Минуту спустя появился Карл Веннергрен, Анника узнала его издалека.

– Не трогай его, – прошептала она Боссе. – Я попыталась поговорить с ним вчера, но он отказался поделиться хоть какими-то данными со мной, а мы сидим в редакции в трех метрах друг от друга.

– Вчера? – спросил репортер удивленно. – И как тебе это удалось?

Анника прижала указательный палец к губам и ухмыльнулась. Карл Веннергрен сел в свой БМВ и укатил. Никто даже не попробовал заговорить с ним.

– А вот и следующий парень, – сказал Боссе, показав в сторону дворца.

Анника издалека узнала генерального директора «ТВ Плюс», хотя никогда не встречалась с ним лично. Он охотно появлялся на вечеринках знаменитостей и сам принимал участие в рекламе своего канала. Хайлендер бессмертный.

Он быстро преодолел ограждение, перекинув через него сначала одну, а потом другую ногу, у него были черные блестящие волосы и безупречный костюм, и никакого багажа. Анника подошла к нему вместе с остальными журналистами, инстинктивно почувствовала, что ситуация будет не из приятных.

Стоявший перед ними мужчина старался держаться уверенно и вести себя непринужденно, но его улыбка выглядела натянутой. Даже загар не смог скрыть бледность, а морщинки вокруг глаз явно представляли собой отпечаток бессонницы.

– Для начала я хотел бы сказать, что это настоящая трагедия для «ТВ Плюс», – заявил он, не дожидаясь вопросов. Небольшая группа репортеров и фотографов собралась вокруг него на спонтанную пресс-конференцию вместе с овцами, блеющими по соседству. – Весь канал, естественно, очень тяжело переживает потерю одного из наших самых ценных сотрудников, Мишель Карлссон, – продолжал Хайлендер, теребя пальцами смятый листок бумаги, зажатый в другом его кулаке. – Лично от себя, – сказал он, – я хотел бы добавить, что Мишель была хорошим и добрым другом, и я очень ценил ее как человека с большим… сердцем и как отличного… профессионала.

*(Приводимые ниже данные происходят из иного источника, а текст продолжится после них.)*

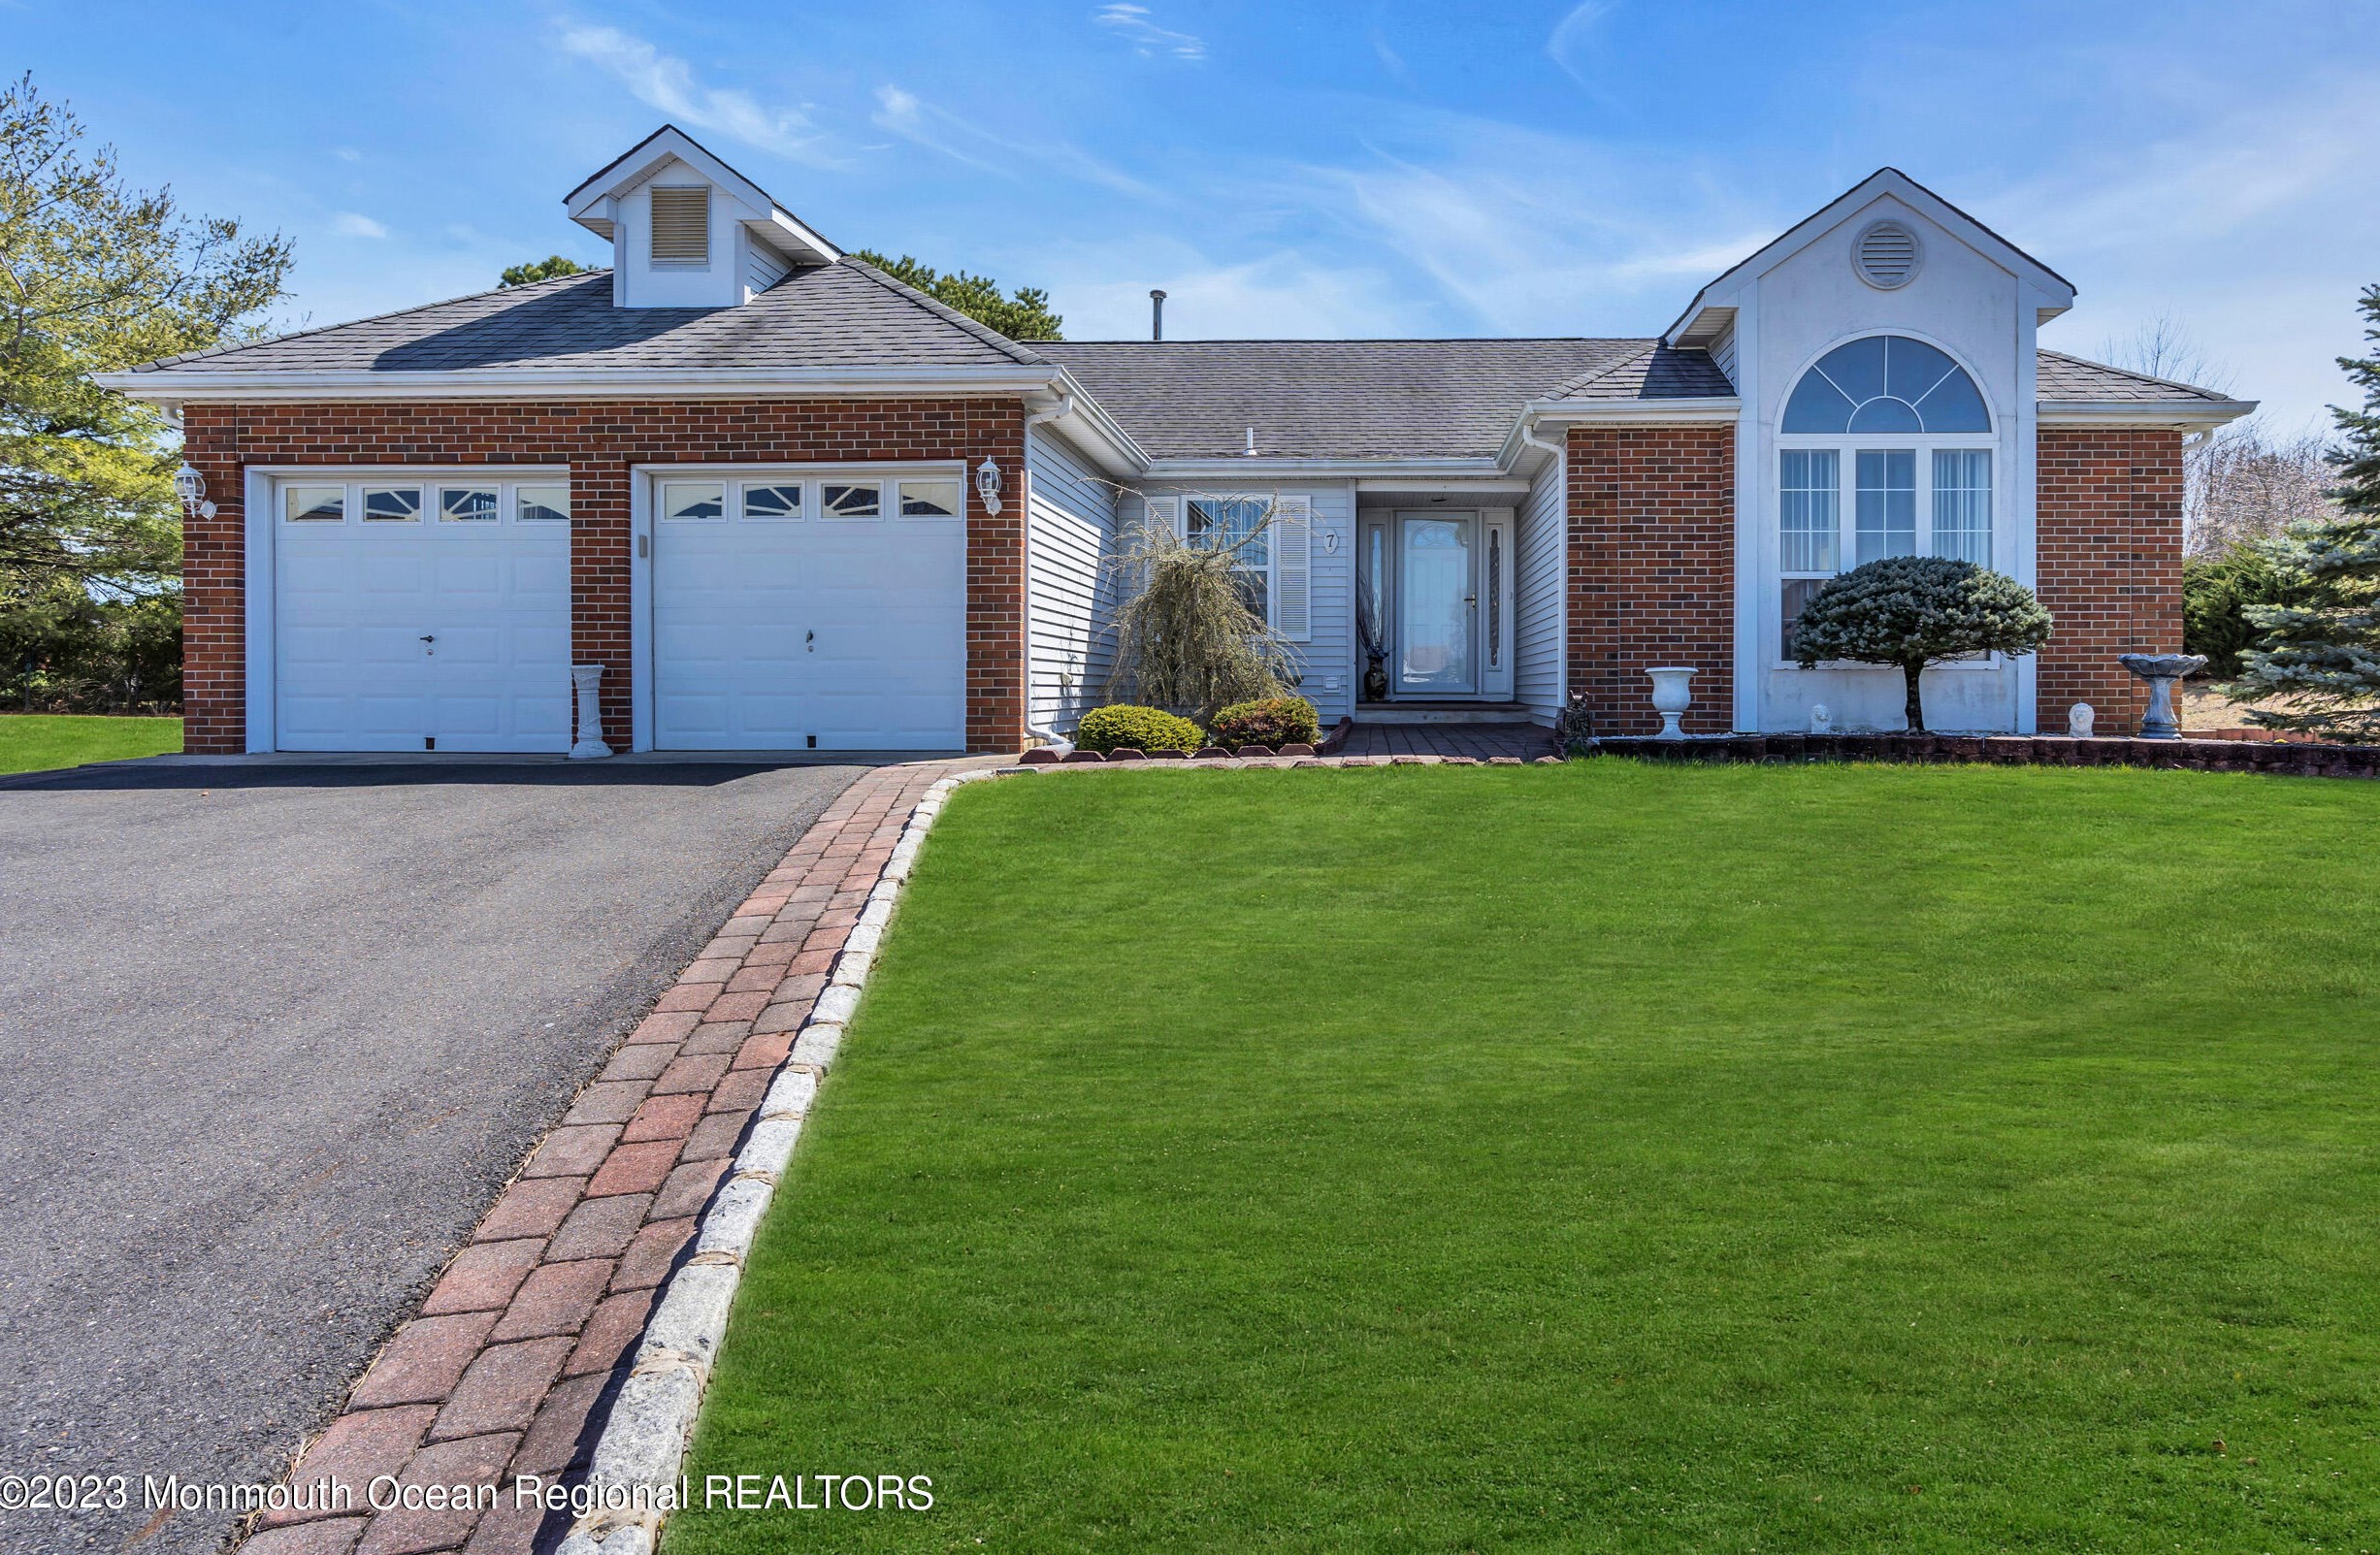 7 Rugby Ct, Toms River, NJ 08757

Он сбился, поразмыслил немного, потом поднял свою шпаргалку, несколько секунд читал торопливо, а затем, опустив ее, облизнул губы и продолжил в том же духе.

– Мы всегда будем хранить память о Мишель у себя на «ТВ Плюс», – сказал он, подняв глаза к небу и, вероятно, обращаясь к птицам и деревьям. – Будущее наверняка покажет, что она была одной из самых масштабных личностей нашего времени. Все созданное ею продолжит жить в качестве культурного наследия для следующих поколений зрителей и телевизионных работников. От нас, на «ТВ Плюс», требуется надлежащим образом распорядиться им, и я обещаю, что мы отнесемся к этой задаче со всей серьезностью.

– Боже, – прошептал Боссе Аннике, – еще немного – и у него вырастут крылья.

Она прикусила губу: при виде одетого с иголочки, источающего запах дорогого парфюма и произносящего помпезные слова телевизионного босса у нее возникло дикое желание рассмеяться.

– Какая судьба ждет передачи, записанные на этой неделе? – спросила дамочка с государственного телевидения.

– Кое у кого из нас свои приоритеты, – снова прошептал репортер «Конкурента» на ухо Аннике. – Самое важное сначала узнать, что будет с телевизионными программами.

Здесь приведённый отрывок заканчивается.